The Science Museum Group’s chairman of the board, Tim Laurence, announced the end of the sponsorship agreement with Norwegian oil giant Equinor in a statement published on the museum’s blog on 28 June 2024. Since May 2022, the museum’s management has indeed committed to terminating the contract of sponsors who do not meet the climate criteria in line with the Paris Agreement (2015).
A number of emails recently obtained by environmental campaign group Culture Unstained have revealed evidence that the oil company is compromised. Science Museum Group director Ian Blatchford revealed in The Observer that Equinor had deliberately violated the museum’s commitment to limiting global warming to 1.5 degrees.
The move has not quelled controversy over fossil fuel companies’ involvement in museums, although campaigners welcome the move. ” radical change “. Some activists point out the absence of a clear position from the Science Museum in the press release, which largely thanks Equinor for its previous contributions. A “gag clause” The sponsorship contract prevents any negative comments from the museum on Equinor’s activities.
“Rather than proudly telling the world that it acted because its sponsor was flouting climate goals supported by governments around the world, the museum continues to spread the false narrative that its polluting sponsors are leading the energy transition.” denounces Sara Waldron, co-director of Culture Unstained. The campaign group is calling on the Science Museum to drop its other sponsorship deals with oil giant British Petroleum and coal giant Adani. The chair of the board responded negatively on behalf of the museum, announcing that it would retain its current sponsors.
The Science Museum has been under pressure since July 2018, when 46 scientists filed a formal complaint demanding that it end its partnerships with oil giants British Petroleum, Shell and Statoil/Equinor. The signatories brandished the Museum’s commitment, which officially announced “commit to the urgency of the climate challenge”Since March 2024, eco-activists led by the group Fossil Free Now have taken numerous actions in front of the museum to protest against oil sponsorship in the cultural sector.
The scientists who signed the petition also denounced Equinor’s interference in the content of the museum’s exhibitions, which they said allowed the oil giant to advocate to politicians and the general public for the exploitation of fossil fuels. Critics accused another oil group, Shell, of using the Science Museum’s exhibitions for its own purposes. “Emails reveal Science Museum is a key cog in Shell’s propaganda machine”says Chris Garrard of the anti-oil sponsor campaign group “BP or not BP”.
An article from the Guardian (2015) revealed that Shell had attempted to influence the presentation of a space at the museum on climate change that it sponsored. Shell is the main sponsor of the “Atmosphere gallery” at the Science Museum, designed to raise awareness of global warming issues. A damning email revealed Shell executives’ concerns about the presence of members of certain NGOs at a museum symposium.
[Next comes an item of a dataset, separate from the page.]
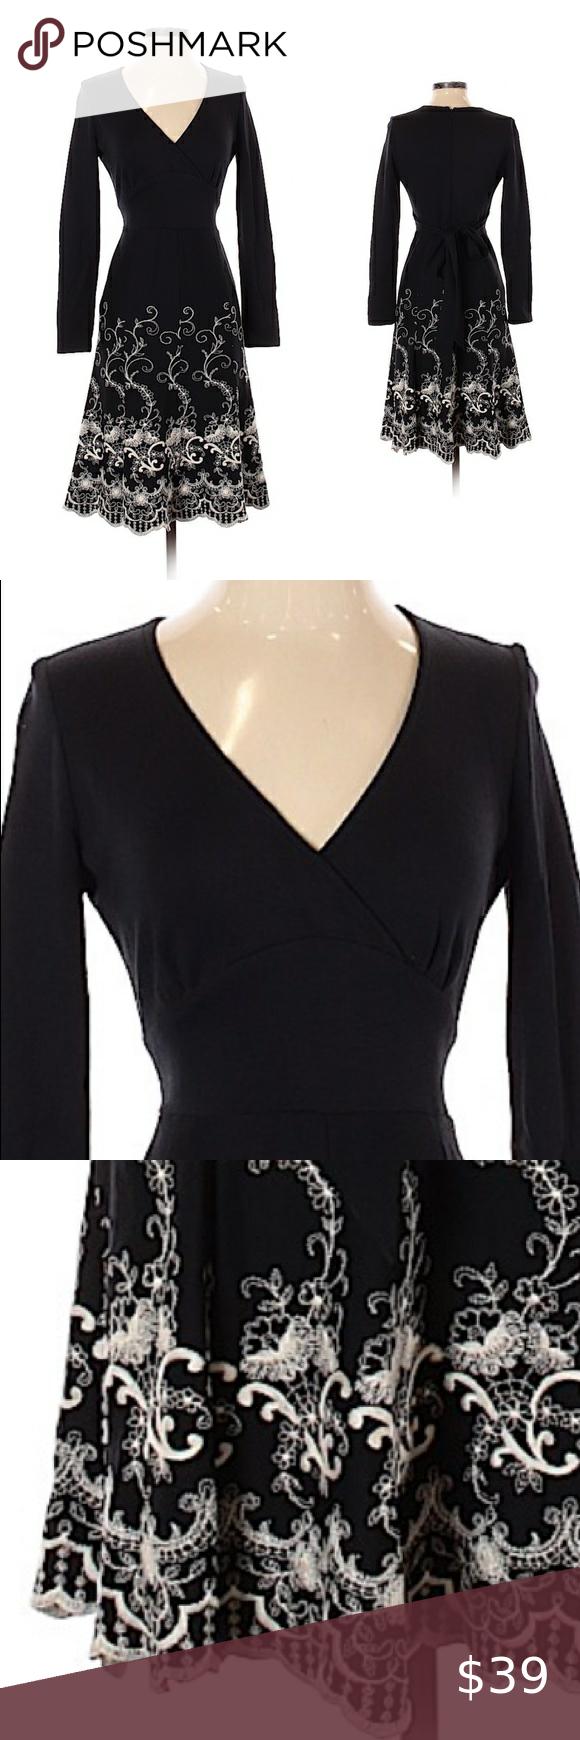 Chetta B Black Long Sleeve Fit And Flare Dress Fit And Flare Dress Flare Dress Dresses [ 1740 x 580 Pixel ]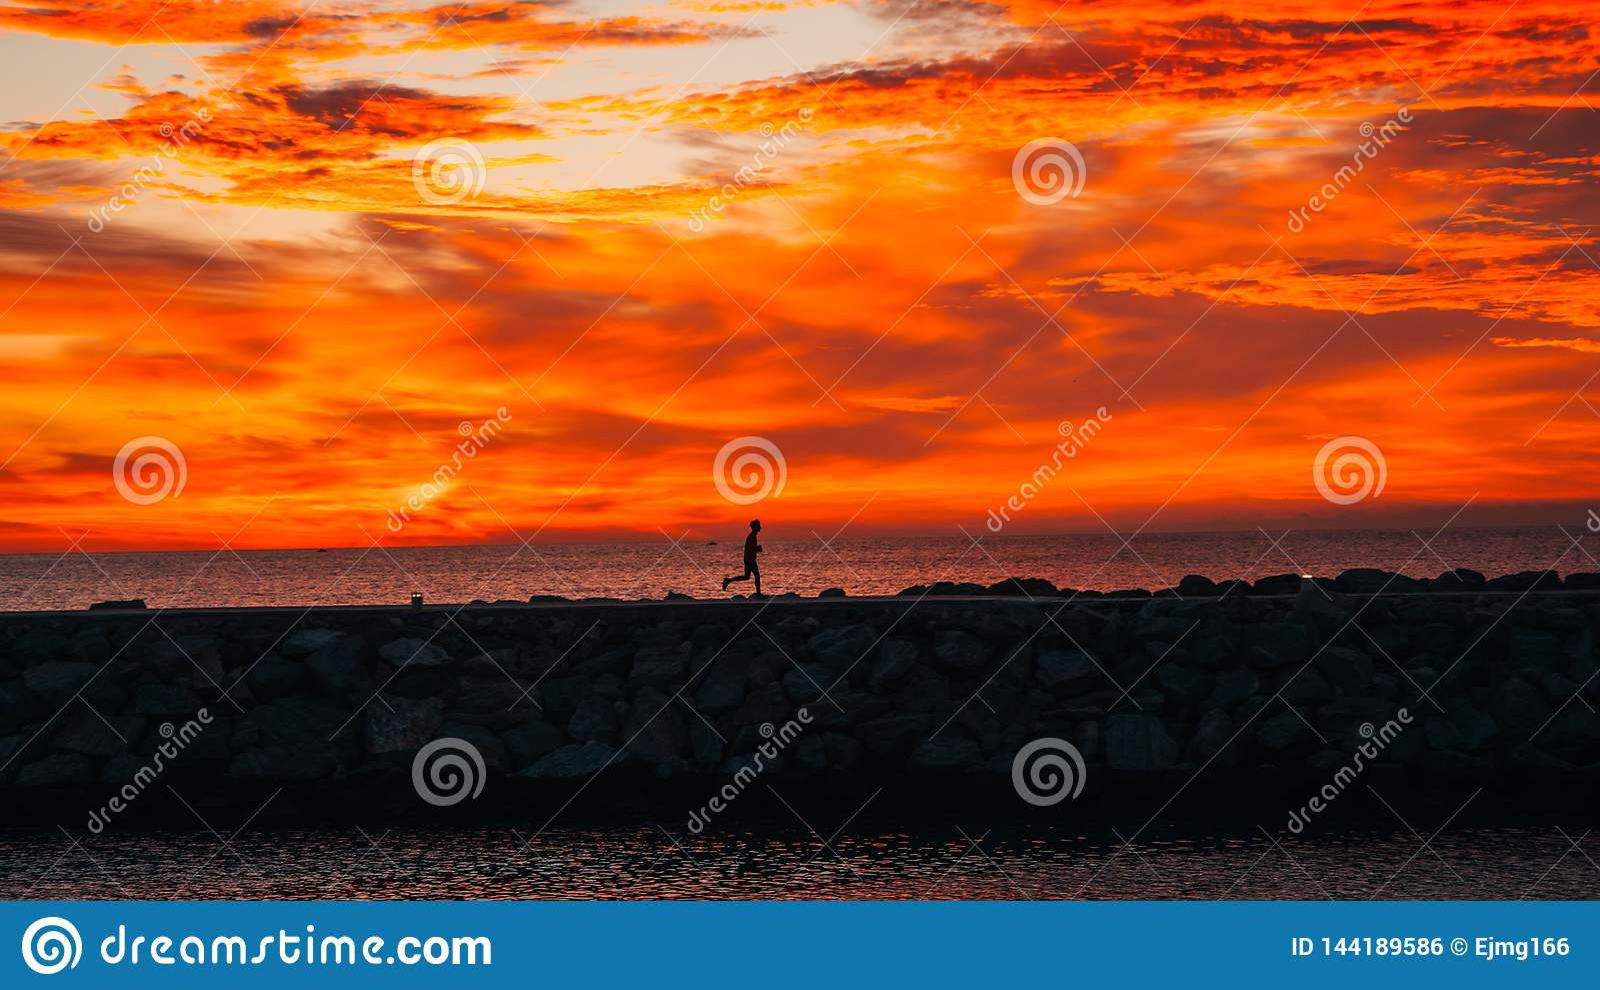 Бегун на восходе солнца бежать рядом с морем

Before removing Equinor from his sponsorship, Ian Blatchford had declared in 2019 to Financial Times that even though the Science Museum was publicly funded, it was desirable to benefit from sponsorship from oil companies in a context of dwindling public funding. The museum’s board of trustees revealed in a statement of 24 June that the £95 million invested in the transformation of the museum’s galleries over the last ten years had been entirely funded by oil companies. “Not a single cent came from taxpayers” he says. Mark Jones, current director of the British Museum, recently proposed the idea of a £20 entry ticket for foreign tourists to national museums as an alternative to corporate sponsorship of the fossil fuel industry.